That's not surprising. They could use the influx of cash and they've rebranded everything under the Audacy umbrella anyway. The $2.5-million starting point might be what they paid for it when the original radio.com owners sold it.
 
That's not surprising. They could use the influx of cash and they've rebranded everything under the Audacy umbrella anyway. The $2.5-million starting point might be what they paid for it when the original radio.com owners sold it.
What possible value does a domain that is called "radio" have today when traditional radio is in decline and stations are trying to transition to new media?

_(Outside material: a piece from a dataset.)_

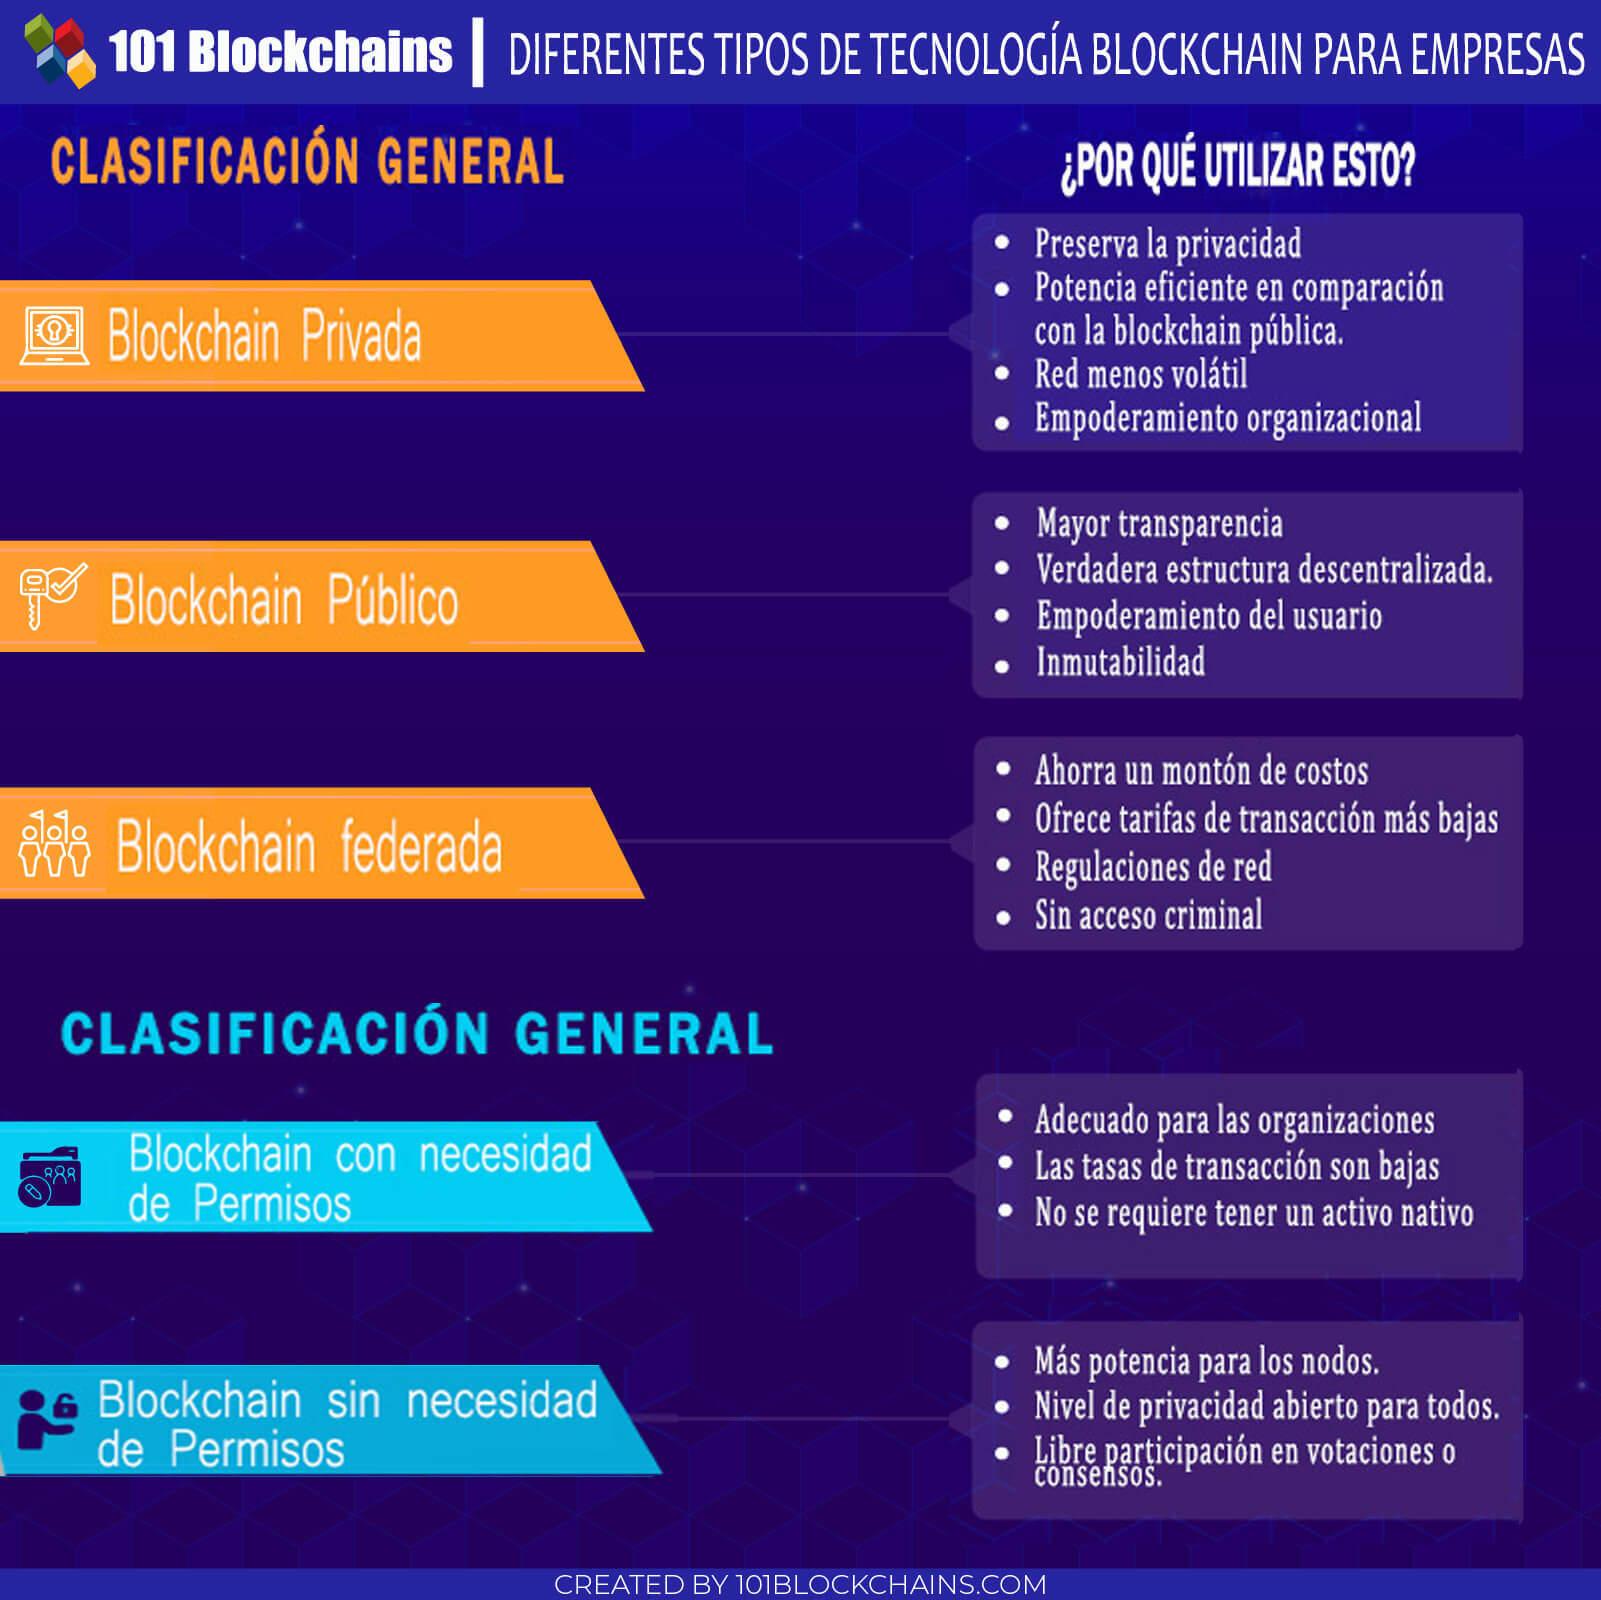 DIFERENTES TIPOS DE TECNOLOGÍA BLOCKCHAIN PARA EMPRESAS

Anyway, $2.5 million is petty cash for Audacy. It will not help their debt issues at all.
 
What possible value does a domain that is called "radio" have today when traditional radio is in decline and stations are trying to transition to new media?

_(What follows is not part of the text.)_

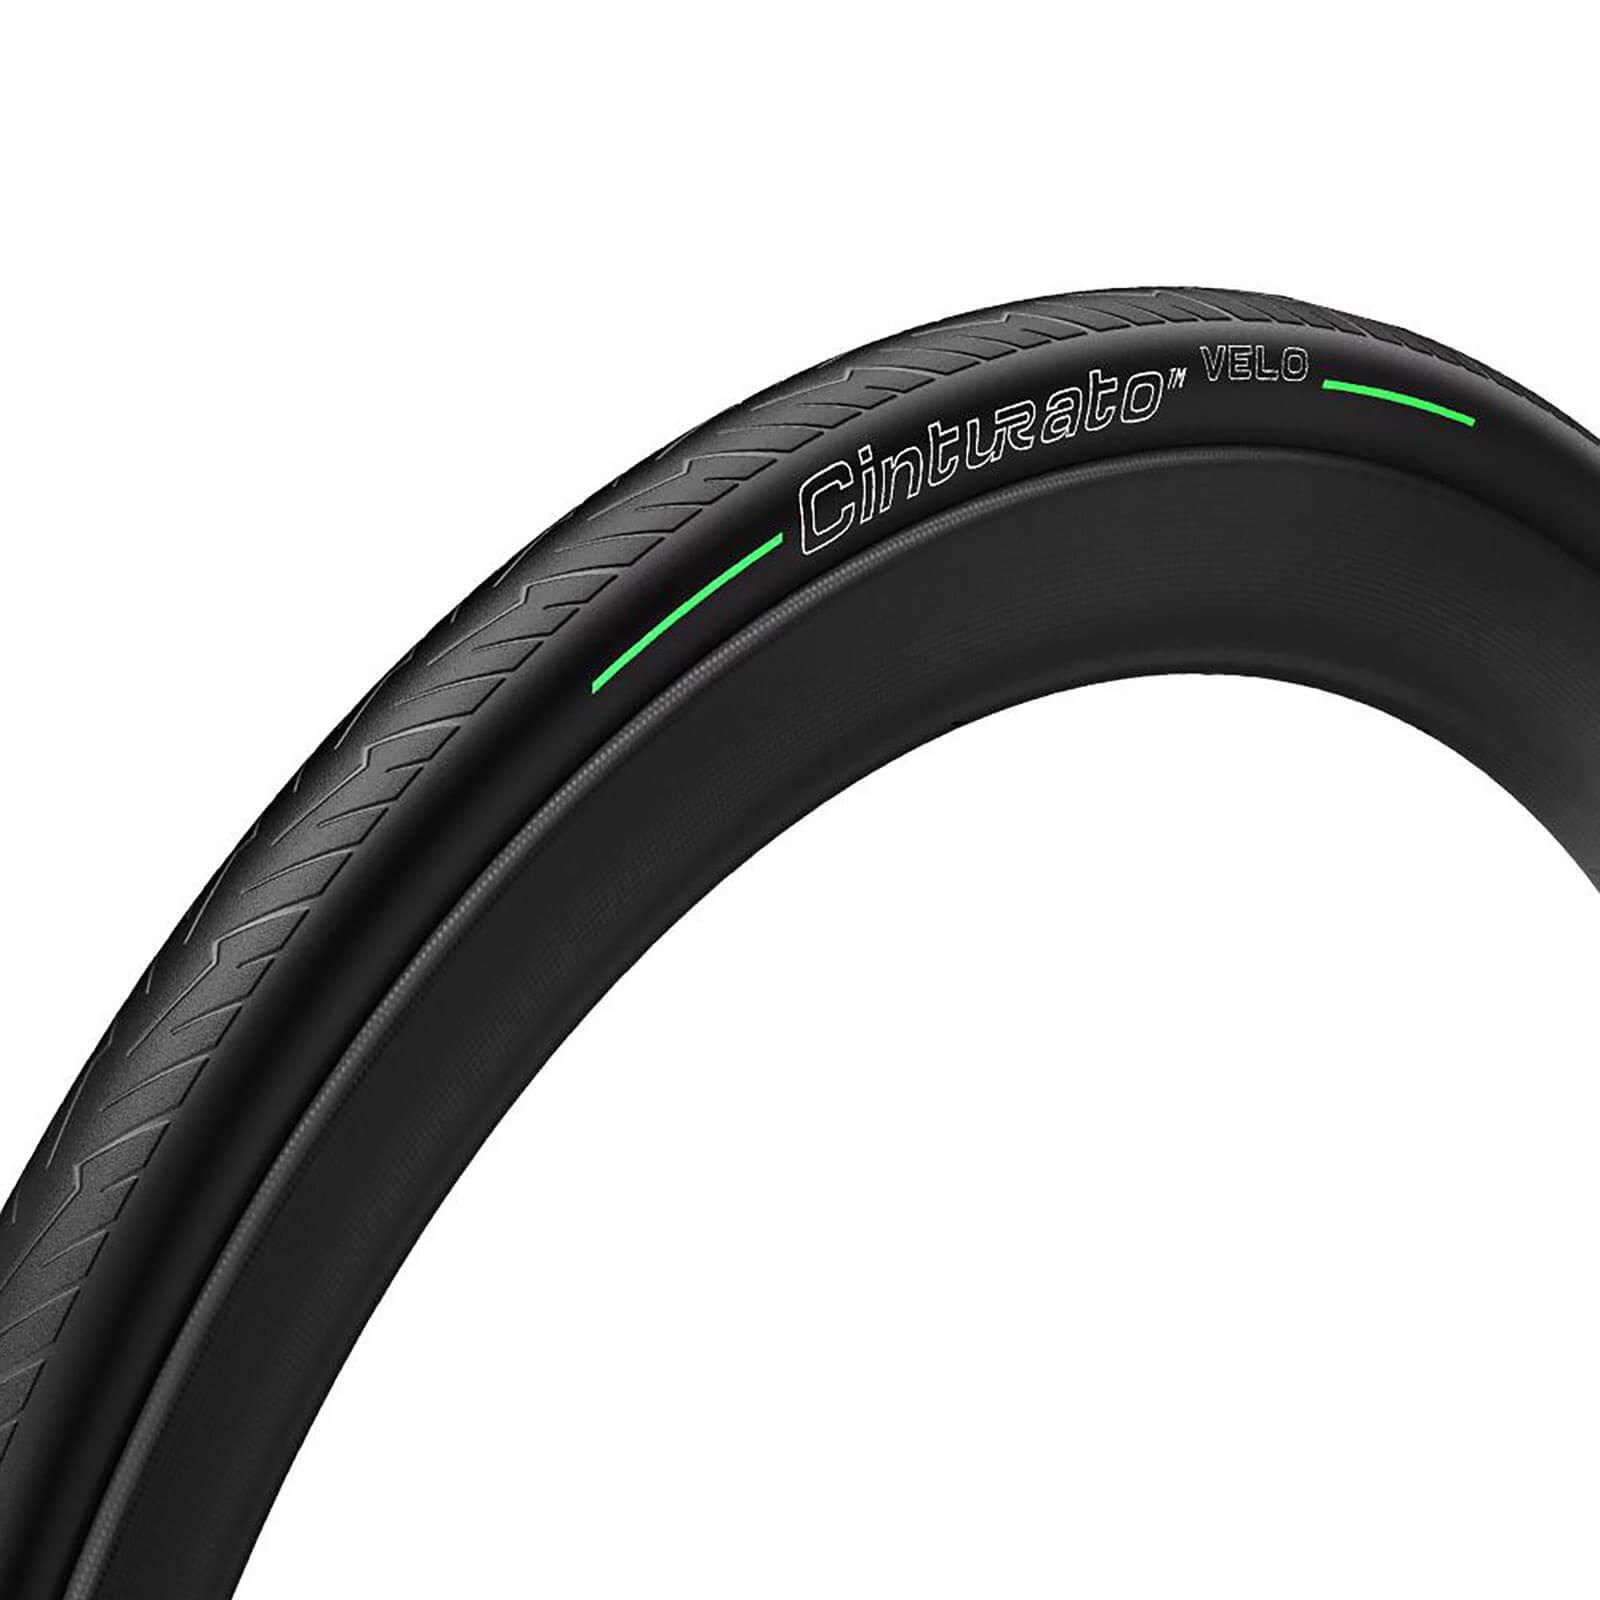 Pirelli Cinturato Velo Tubeless Ready Folding Road Tire - 700x26c

Anyway, $2.5 million is petty cash for Audacy. It will not help their debt issues at all.
It's better for stockholders to see than a $2.5-million write-off. At least it shows they're trying. Whether there are buyers out there who value the domain name that highly is another question. It could have that much value in areas where radio is still a primary source of news and entertainment. It might actually be a good fit for Townsquare and their strategy of becoming the primary local media is a lot of small markets. There are other smaller groups out there who might be willing to pay for the name.
 
It’s just David Field, who is panicking to keep his job.

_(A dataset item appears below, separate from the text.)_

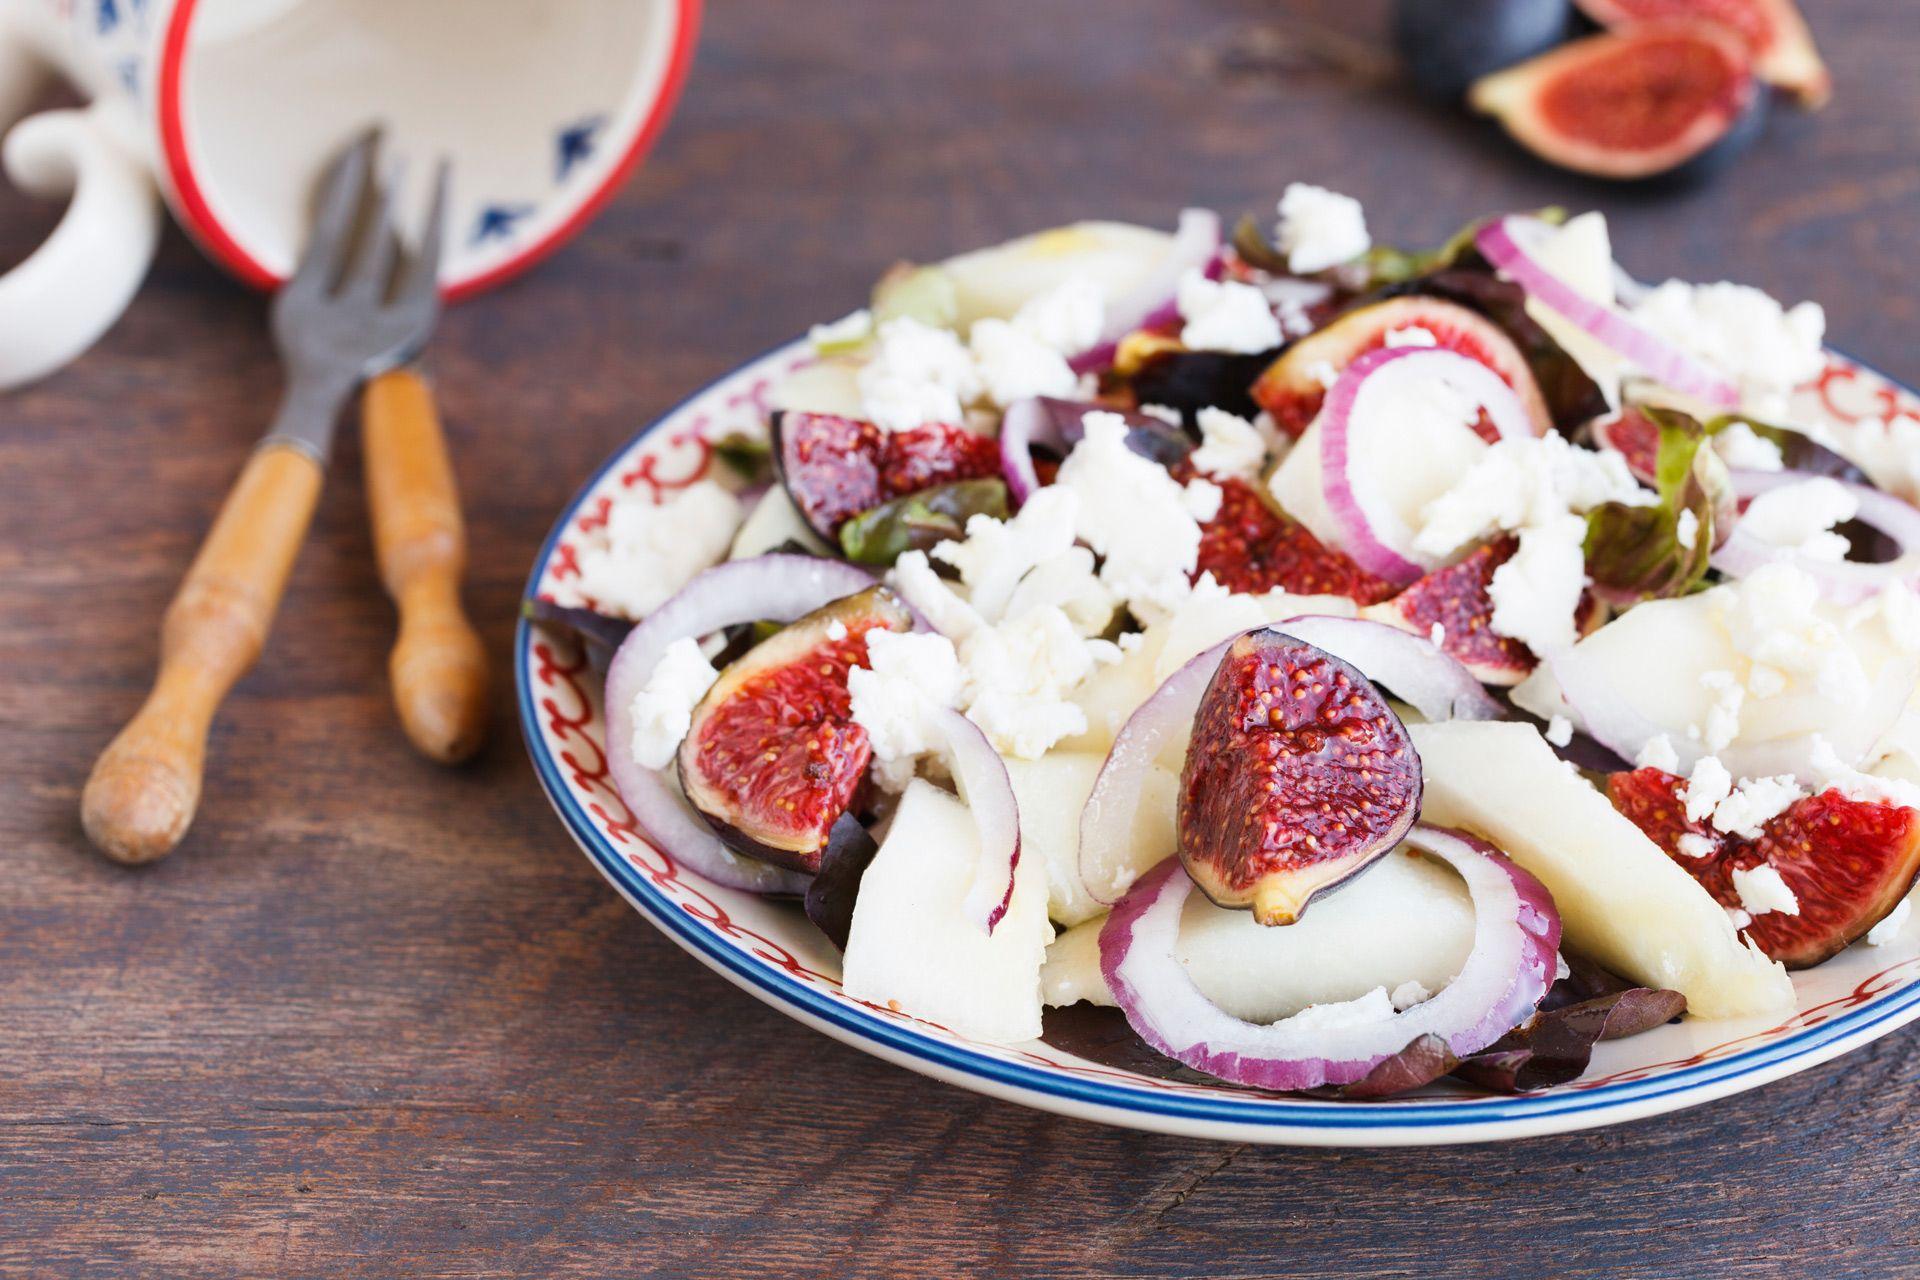 Herbst-Salat #figs #melon #onion #loveit #cheese #parmesan #healthy #veggy #easy #selfmade #love #lidlösterreich #enjoy #tasty #idea #autumn #salad

You own a radio company, and that’s where the revenue comes from. So what do you do? Ban the term “radio.”

Did the stock come roaring back from 23 cents a share with that announcement? The 6-month trend has the stock dropping by 78%.
 
It's better for stockholders to see than a $2.5-million write-off. At least it shows they're trying. Whether there are buyers out there who value the domain name that highly is another question. It could have that much value in areas where radio is still a primary source of news and entertainment. It might actually be a good fit for Townsquare and their strategy of becoming the primary local media is a lot of small markets. There are other smaller groups out there who might be willing to pay for the name.
They’d do a more convincing job trying by selling poorly performing clusters and focus on market sizes they know how to run. They overpaid for and destroyed the former CBS stations, which performed better than their own.

That trying won’t even show up on statement as a rounding error!
 
They’d do a more convincing job trying by selling poorly performing clusters and focus on market sizes they know how to run.
The company is profitable on operations. It's problem is, exclusively, debt service.
They overpaid for and destroyed the former CBS stations, which performed better than their own.
Yes, they overpaid. But the sea anchor in that deal was the CBS AMs which were all old-leaning in formats and expensive to operate.
 
The company is profitable on operations. It's problem is, exclusively, debt service.

Yes, they overpaid. But the sea anchor in that deal was the CBS AMs which were all old-leaning in formats and expensive to operate.
Agree with all, but should look at each market and each station. Fact is those “old-leaning” CBS stations in many of the markets were top billers, if not in the top five. In many cases also delivered more BCF cashflow than their music jukebox clustermates, just not margins.

Audacy fired nearly every experienced CBS manager with a solid track record and simply made the DOS position a dual role.

Audacy overpaid, had no experience running major market stations, went in and fired most anyone who was making more than the Entercom people in the same roles.

The former CBS stations were treated with contempt, and they rapidly declined. The CBS stations were performing better than their own stations.

The problem is debt service, but it most certainly isn’t the only problem.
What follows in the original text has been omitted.